Экслибрисы итальянского художника Транквилло Марангони
Тот, кто работает руками, – рабочий.
Тот, кто работает руками и головой, – мастер.
Тот, кто работает руками, головой и сердцем, – художник.
Франциск Ассизский
Как говорил один известный немецкий философ, бытие определяет сознание. Однако бывают люди, ломающие это выражение. Люди удивительной судьбы, чья неординарность, ум и мощь воли вырывают их из тесных рамок жизненных условий. Так, в итальянском городке Поццуоло-дель-Фриули в семье столяра 1 апреля 1912 года родился мальчик Транквилло, отвергший уготованную ему судьбу католического священника и ставший крупнейшим ксилографом[1] XX века и президентом Ассоциации графиков Венето – крупнейшего объединения ведущих итальянских художников Венеции, Феррары, Удины, Падуи и т.д.
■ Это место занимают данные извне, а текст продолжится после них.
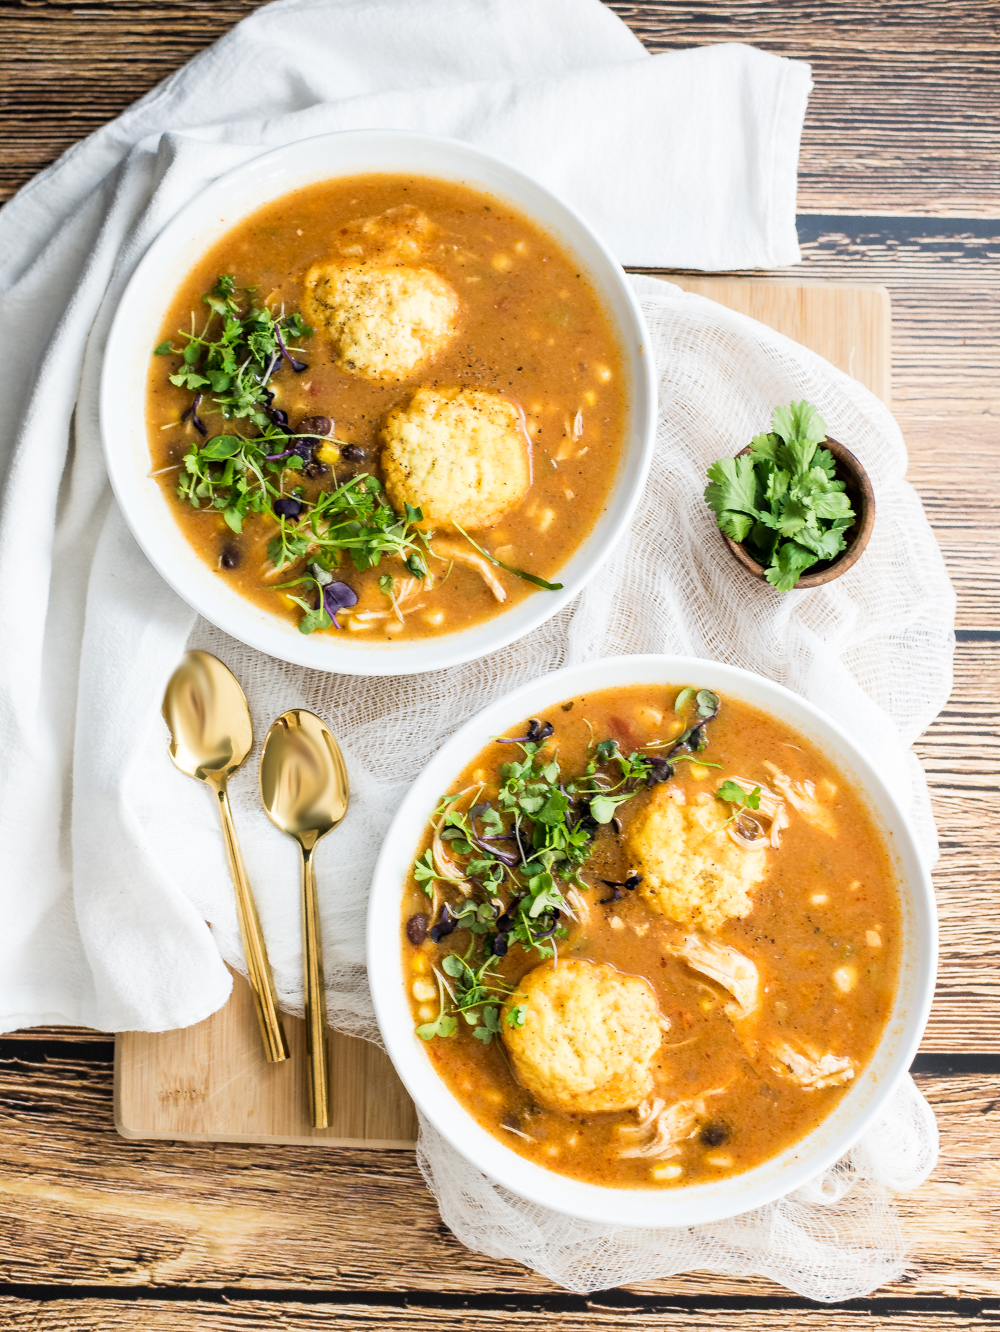 Southwestern chicken soup with cornmeal dumplings is a fun take on traditional chicken soup and dumpling with a spicy twist!

Совершенно невозможно представить такого темпераментного и неутомимого в работе человека, как Марангони, в роли провинциального клирика. Верна заметка близкого друга художника Карло Кьеза, писавшего: «Транквилло – по-итальянски «спокойно». Но Транквилло Марангони – это всё что угодно, только не спокойствие!» Сотоварищи же по творчеству прозвали его еще хлестче ‒ жуком-точильщиком, ибо, как они говорили, «он настолько сросся с деревом, что, кажется, врос в него целиком». Такие характеристики современников говорят о том, что неслучайно Марангони был избран президентом Ассоциации графиков Венето. Возможно, именно его горящее сердце смогло сплотить художников, занимающихся различными видами тиражной графики, и сделать ассоциацию фундаментальной базой для возрождения искусства ксилографии в послевоенной Италии.
Сам Марангони работал исключительно в технике ксилографии, будучи при этом самоучкой: семья художника не могла позволить себе оплатить учебу сына. Однако страсть к дереву у Транквилло была в крови. Проводя всё свободное время в отцовской мастерской, он осознал свое призвание. Переход от ремесла к искусству произошел у Марангони так естественно, словно по заранее намеченному плану.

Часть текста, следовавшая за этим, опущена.